VT Gravis UK Infrastructure Income
VT Gravis UK Infrastructure Income invests mainly in investment trusts exposed to different types of UK infrastructure; from railways and roads to GP surgeries and solar power. It has an income target of 5% per annum, which is distributed quarterly, and offers exposure to a less volatile and higher-yielding area of the UK economy.
Our Opinion
Fund Manager
Fund Manager
William Argent, Director, Infrastructure Securities. Will is responsible for the VT Gravis UK Infrastructure Income Fund and VT Gravis Clean Energy Income Fund. He joined Gravis in 2017, having spent 12 years working as an equity analyst and portfolio manager within the private client wealth management industry. Will has significant experience investing in global capital markets and he maintains a specialist focus on the listed infrastructure and real asset sectors. Will graduated with a degree in Mathematics from the University of Exeter. He has passed all three levels of the CFA Program and was awarded the CFA charter in 2009.
Fund Performance
Risk
Quote from the Fund Manager
I love a good night's sleep, so it’s no coincidence I love investing in the infrastructure sector.
Will Argent
Lead Manager
Investment process
VT Gravis UK Infrastructure Income was the first fund to offer investors access to the UK-listed infrastructure sector through an open-ended structure. It invests in investment companies, direct equities, fixed income and Real Estate Investment Trusts.

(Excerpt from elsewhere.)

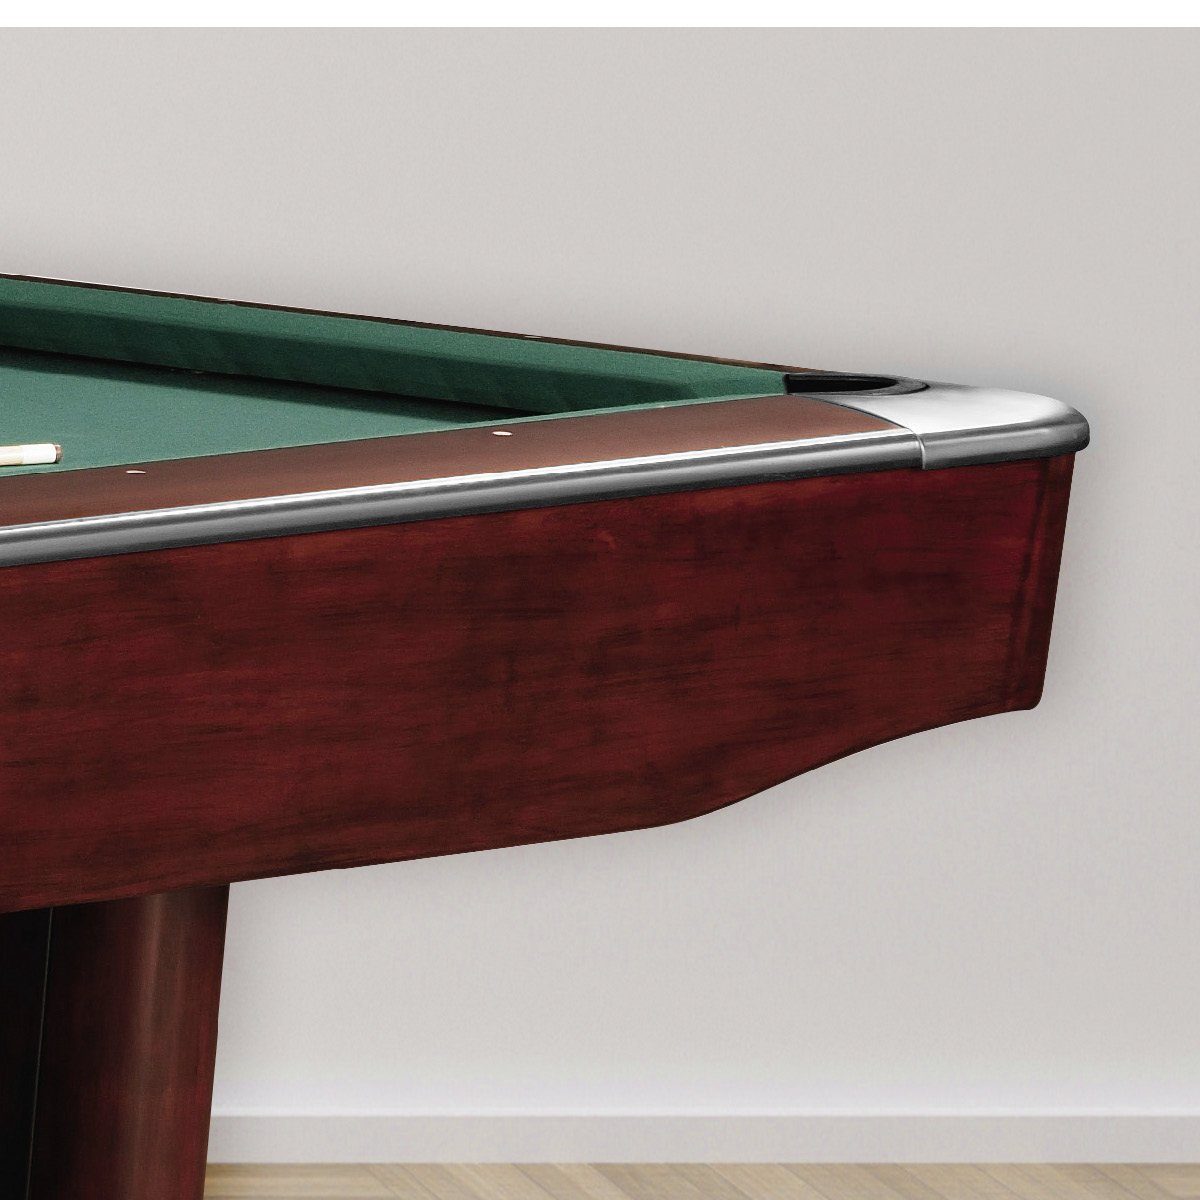 Billiard-Royal Billardtisch Spielfläche aus beliebter 8ft. Mahagoni, 3-teiliger Naturschieferplatte Billiard-Royal® Qualität), Gladiator massive Ausführung in (Hochwertige und

Will looks for companies based on a number of key factors: yield sustainability, inflation-hedging characteristics, sustainable valuation and low relative volatility. Holdings must also have a certain level of liquidity (the ability to buy and sell the securities when required).
Around two thirds of the VT Gravis UK Infrastructure Income fund invests in investment trusts exposed to different types of infrastructure. These include public social infrastructure (hospitals and schools), private social infrastructure (GP surgeries and student accommodation) and renewable energy infrastructure (solar power and wind turbines).
The fund will have a minimum of 22 holdings, and the maximum holding size is 9.5%. While this may seem very concentrated, investors should note that the fund will have exposure to around 1,000 separate underlying projects. Turnover is generally no greater than 20% per annum. Investments chosen are generally underpinned by obligations of UK central and local government and always by long-term predictable, contracted income.
Risk
Investing in closed-ended vehicles, such as investment companies, can lead to issues if they are trading on high premiums to their net asset value. As the majority of projects are government backed, political risk is a factor that should be considered. The fund may also lag during times of aggressively rising interest rates. However, due to the nature of the underlying holdings, it should be less volatile that the wider UK stock market.
ESG
ESG - Limited
Gravis has a check list of ESG-related issues that it looks at from a broad level. This is primarily for information purposes rather than to preclude investment and, beyond this, the fund does not score ESG factors to use within its stock selection process. The firm is building a Voting & Engagement policy, however, which is designed to formalise the engagement process with its holdings.